MethodsWe examined whether polygenic risk scores (PRS) for consumption and problem subscales of the Alcohol Use Disorders Identification Test (AUDIT-C, AUDIT-P) in the UK Biobank (UKB; N = 121 630) correlate with alcohol outcomes in four independent samples: an ascertained cohort, the Collaborative Study on the Genetics of Alcoholism (COGA; N = 6850), and population-based cohorts: Avon Longitudinal Study of Parents and Children (ALSPAC; N = 5911), Generation Scotland (GS; N = 17 461), and an independent subset of UKB (N = 245 947). Regression models and survival analyses tested whether the PRS were associated with the alcohol-related outcomes.
ResultsIn COGA, AUDIT-P PRS was associated with alcohol dependence, AUD symptom count, maximum drinks (R2 = 0.47–0.68%, p = 2.0 × 10−8–1.0 × 10−10), and increased likelihood of onset of alcohol dependence (hazard ratio = 1.15, p = 4.7 × 10−8); AUDIT-C PRS was not an independent predictor of any phenotype. In ALSPAC, the AUDIT-C PRS was associated with alcohol dependence (R2 = 0.96%, p = 4.8 × 10−6). In GS, AUDIT-C PRS was a better predictor of weekly alcohol use (R2 = 0.27%, p = 5.5 × 10−11), while AUDIT-P PRS was more associated with problem drinking (R2 = 0.40%, p = 9.0 × 10−7). Lastly, AUDIT-P PRS was associated with ICD-based alcohol-related disorders in the UKB subset (R2 = 0.18%, p < 2.0 × 10−16).

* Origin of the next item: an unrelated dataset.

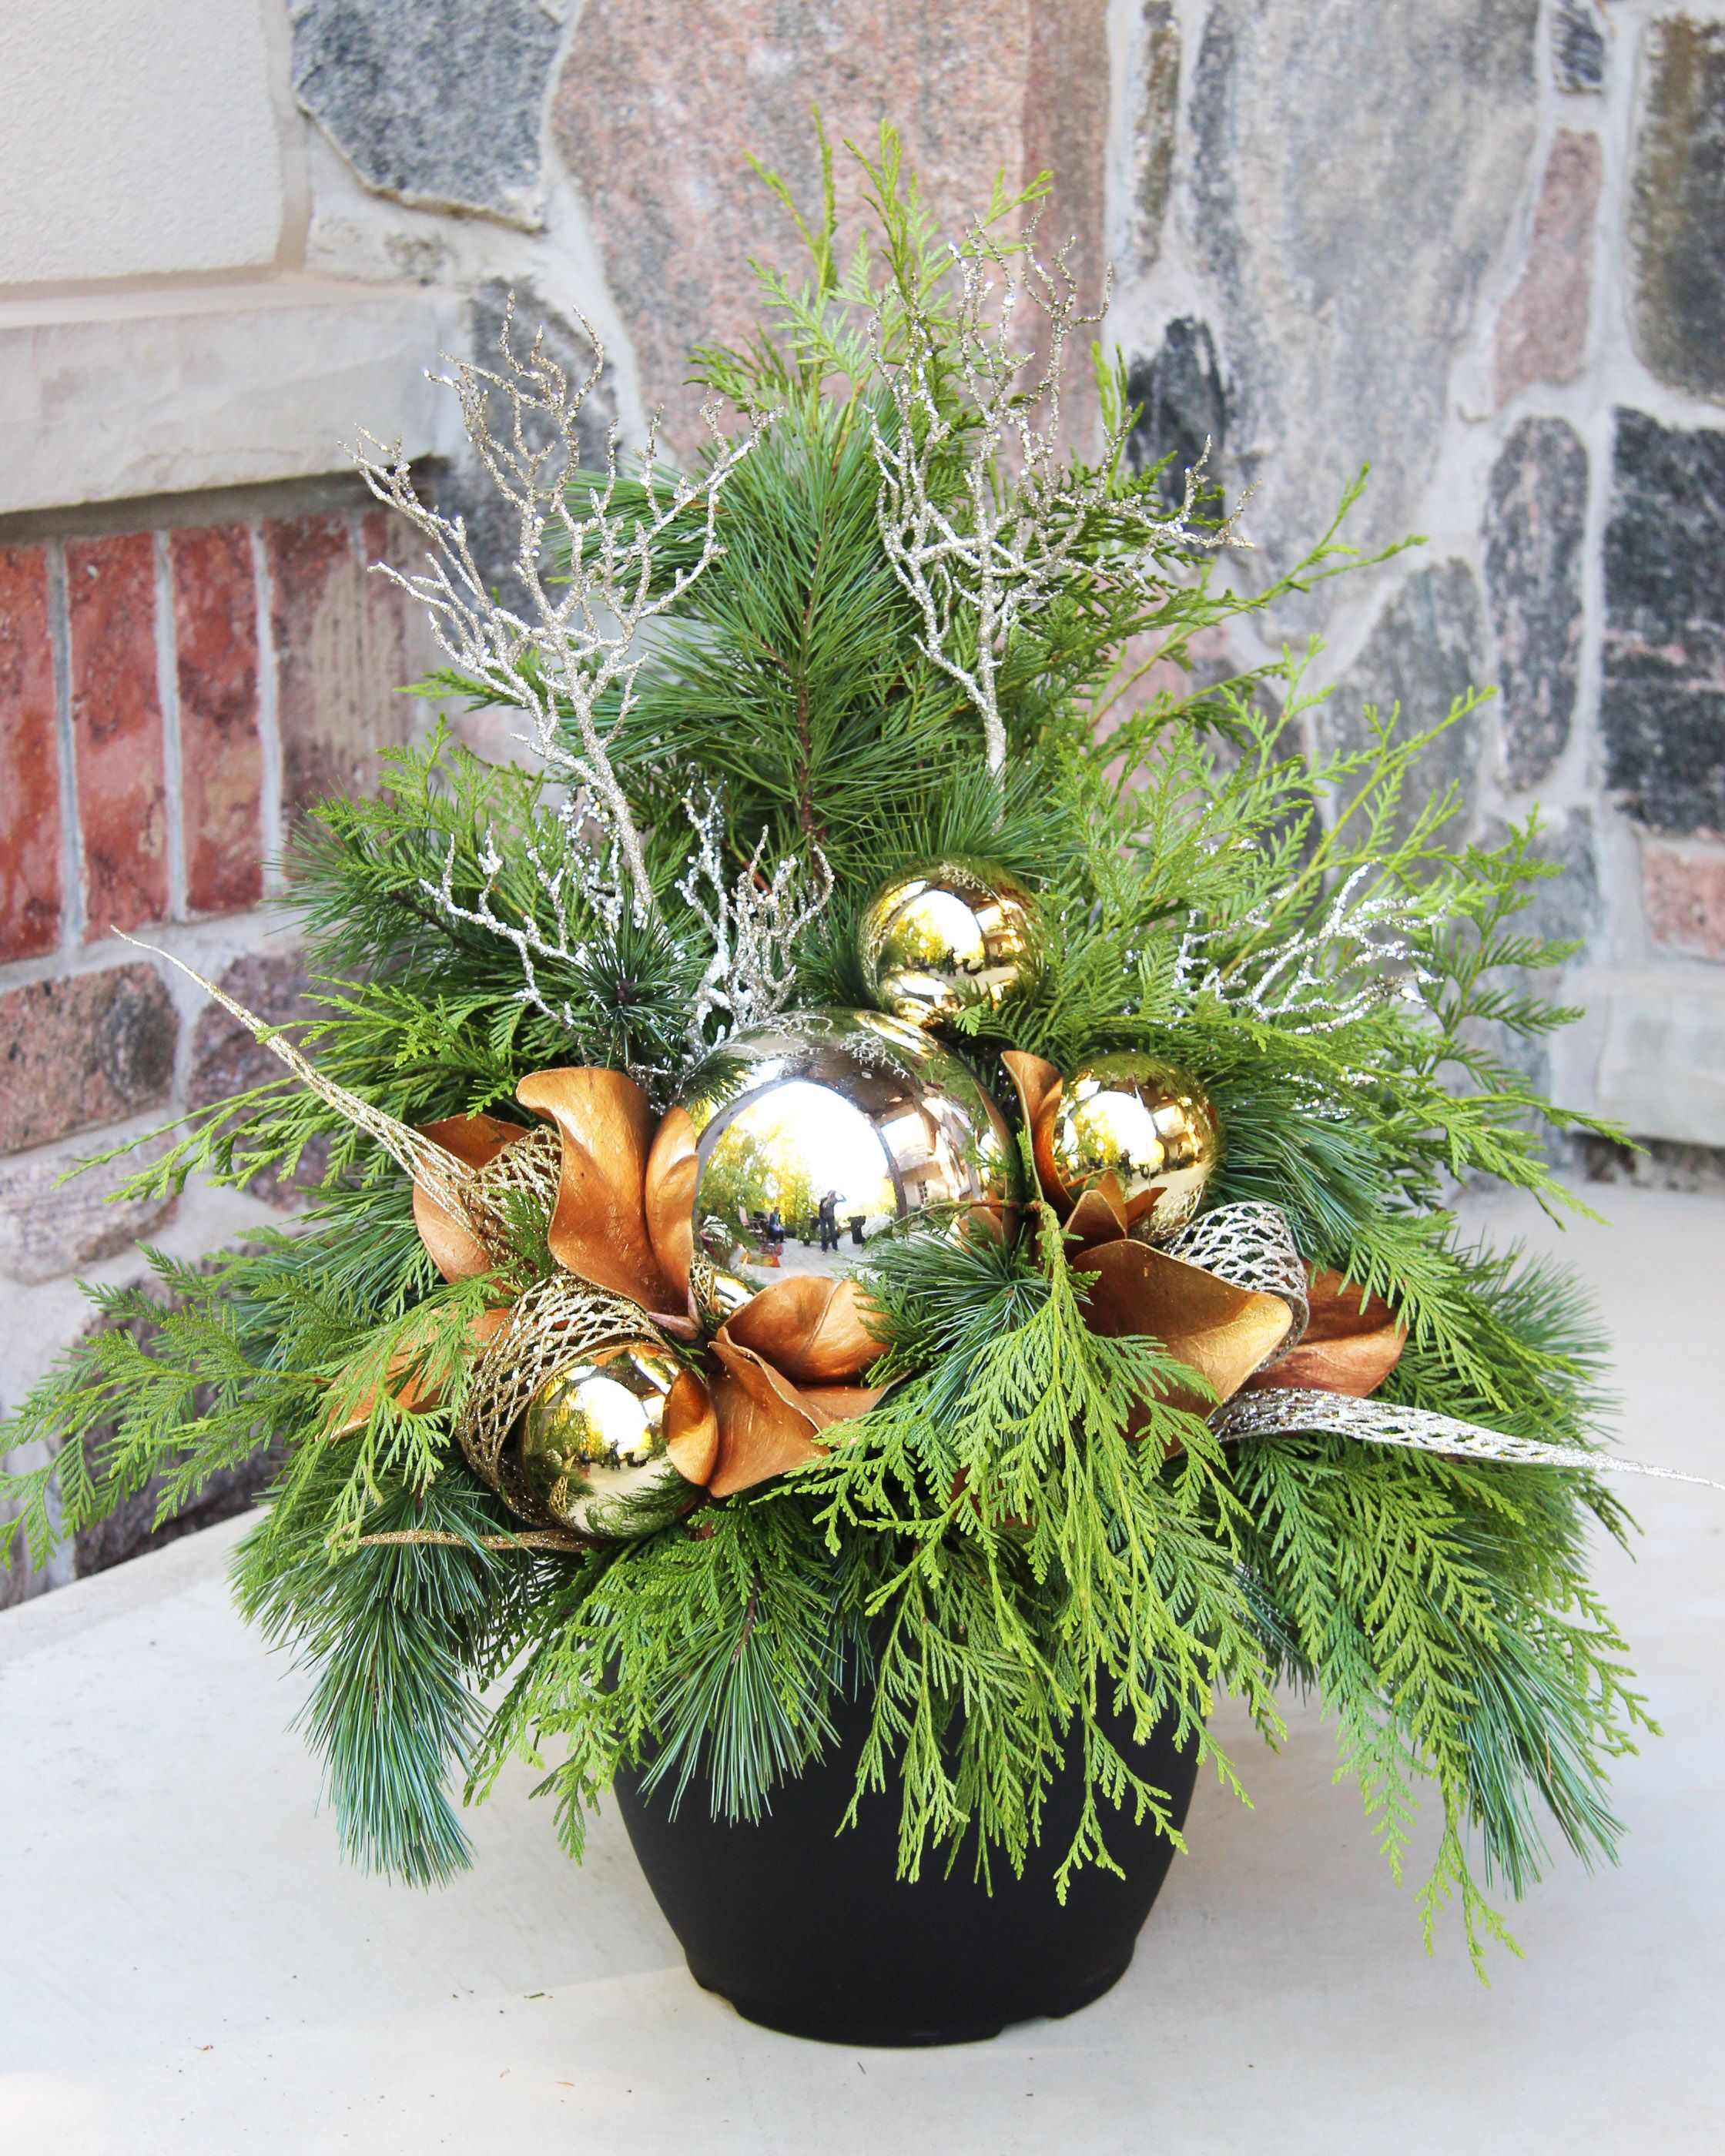 Outdoor christmas planter flower arangements pinterest - Decorations de noel exterieur ...

ConclusionsAUDIT-P PRS was associated with a range of alcohol-related phenotypes across population-based and ascertained cohorts, while AUDIT-C PRS showed less utility in the ascertained cohort. We show that AUDIT-P is genetically correlated with both use and misuse and demonstrate the influence of ascertainment schemes on PRS analyses.